TOU = m.Param(value= TOU_list)
P_app = 10.5 # Appliance power (kW)
# electric appliance schedule (0-1)
f_app = m.MV(value=0,lb=0.0, ub=1.0, integer=True)
f_app.STATUS = 1

# Summation of the appliance schedule for 24 hour time horizon
c = m.integral(f_app)
m.fix_final(c,15)

m.Minimize(TOU*f_app*P_app)

m.options.IMODE = 6
m.options.SOLVER = 1
m.solve(disp=True, GUI=False)

import matplotlib.pyplot as plt
plt.plot(m.time,f_app.value,label='On / Off')
plt.plot(m.time,TOU_list,label='Electricity Cost')
plt.legend()
plt.show()

我在开始时添加了一个额外的时间点，因为它是 24 小时，总共 25 个时间点。如果有 1 小时，那么优化问题需要两个时间点来定义开始和结束。 24小时，需要25分。

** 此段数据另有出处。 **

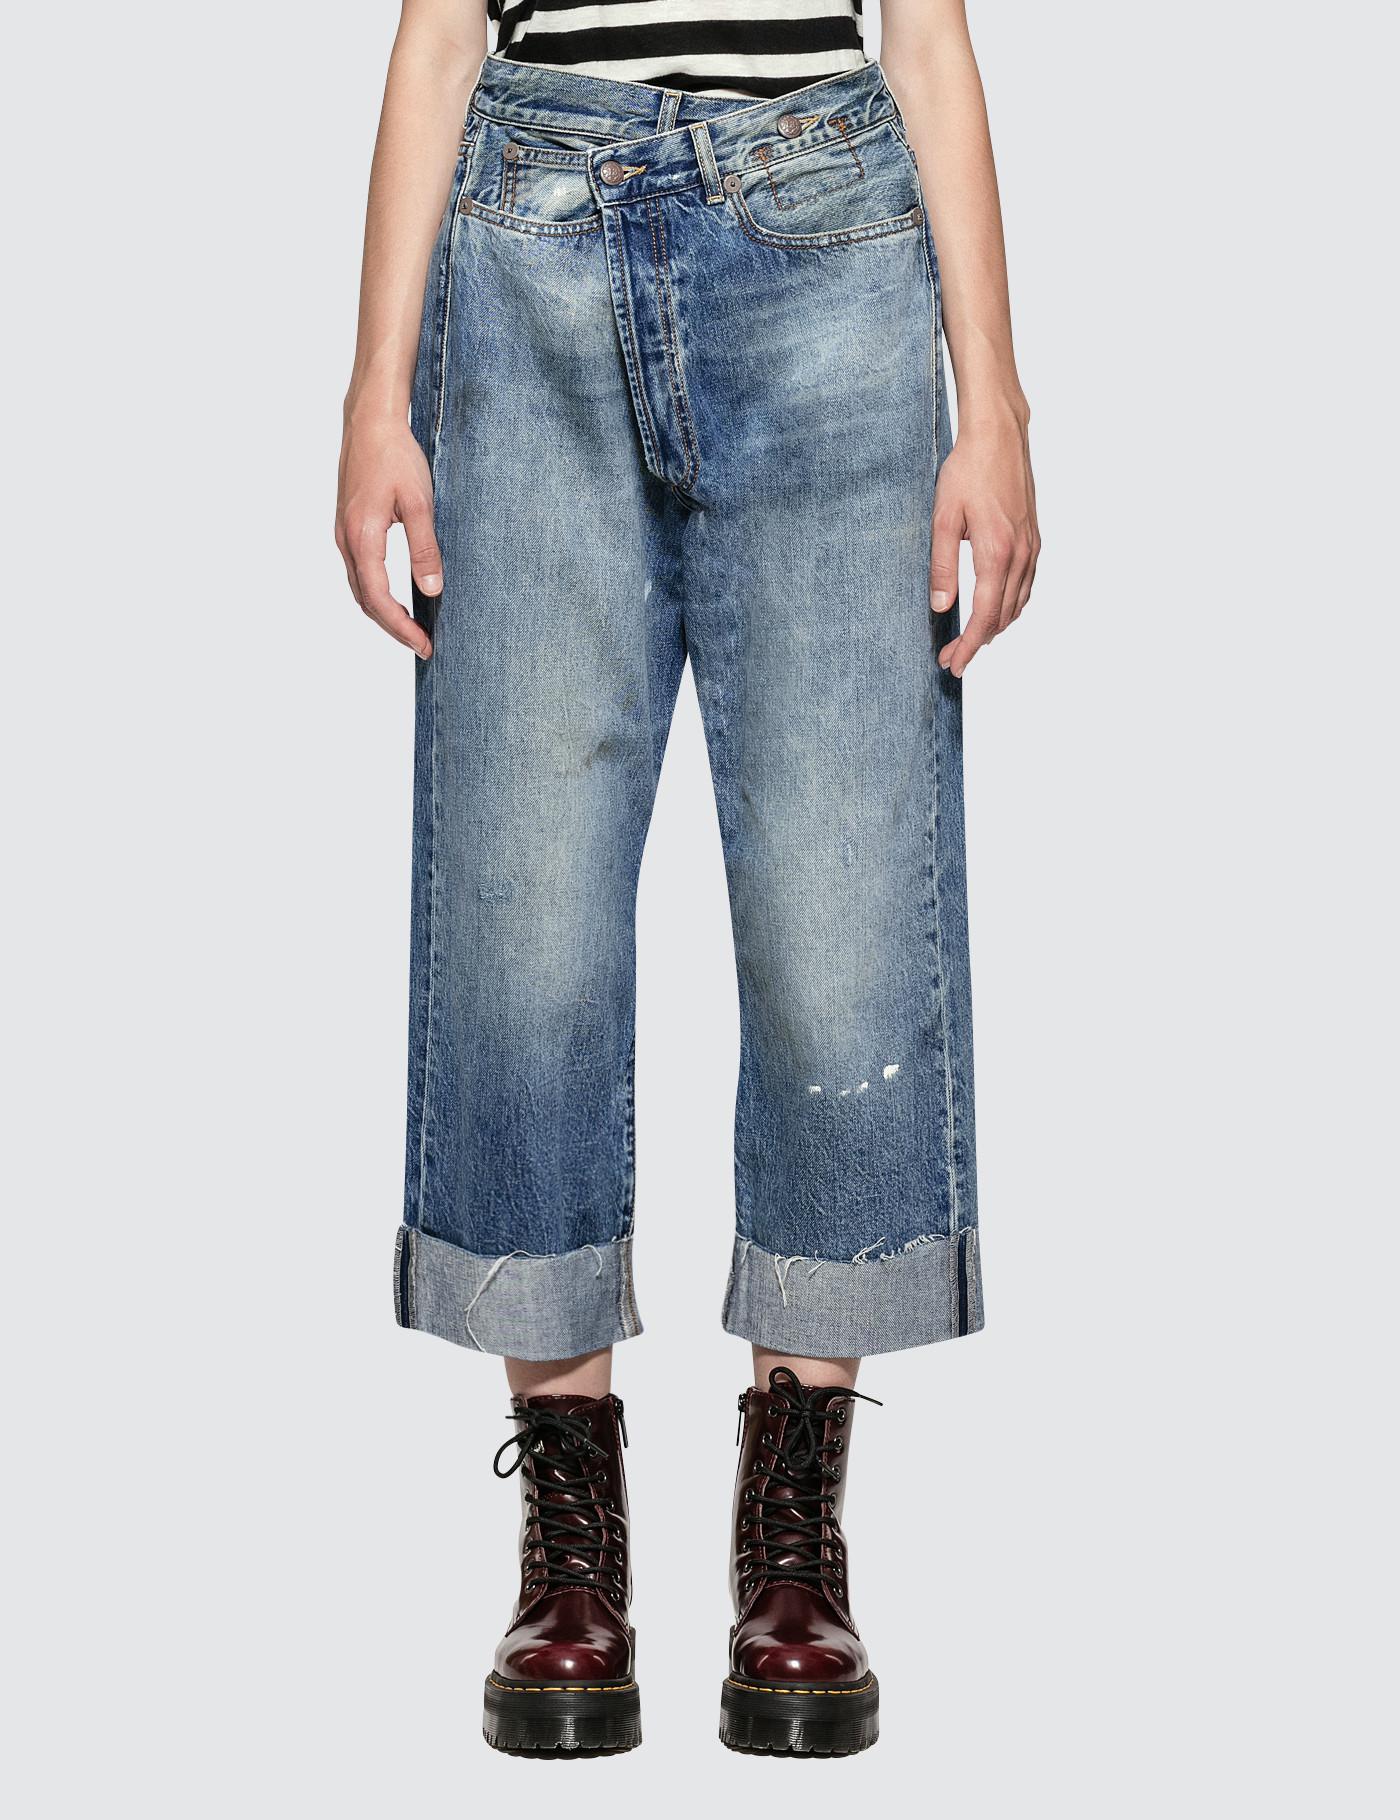 R13 Denim Crossover Jeans in Blue - Lyst

您可以通过使用m.Array() 对 24 个时间段进行编程来避免动态控制模式的一些复杂性。这样您就可以使用m.sum()，因为f_app 是一个包含24 个值的数组。

import numpy as np
from gekko import GEKKO

m = GEKKO()

# Electricity Cost
TOU_list = [0.074646,0.074646,0.074646,0.074646,0.074646,0.074646,\
            0.074646,0.099206,0.099206,0.099206,0.099206,\
            0.169230,0.169230,0.169230,0.169230,0.169230,0.099206,\
            0.099206,0.099206,0.099206,0.074646,0.074646,\
            0.074646,0.074646] 
n = len(TOU_list)
        
P_app = 10.5 # Appliance power (kW)
# electric appliance schedule (0-1)
f_app = m.Array(m.Var,n,value=0,lb=0.0, ub=1.0, integer=True)

# Summation of the appliance schedule for 24 hour time horizon
m.Equation(m.sum(f_app)==15)

for i in range(n):
    m.Minimize(TOU_list[i]*f_app[i]*P_app)

m.options.IMODE = 3
m.options.SOLVER = 1
m.solve(disp=True)

f = []
t = []
for i in range(n):
    t.append(i+1)
    f.append(f_app[i].value[0])

import matplotlib.pyplot as plt
plt.bar(x=t,height=f,label='On / Off')
plt.bar(x=t,height=TOU_list,label='Electricity Cost')
plt.legend()
plt.show()

因为问题没有微分方程，我推荐第二种方法。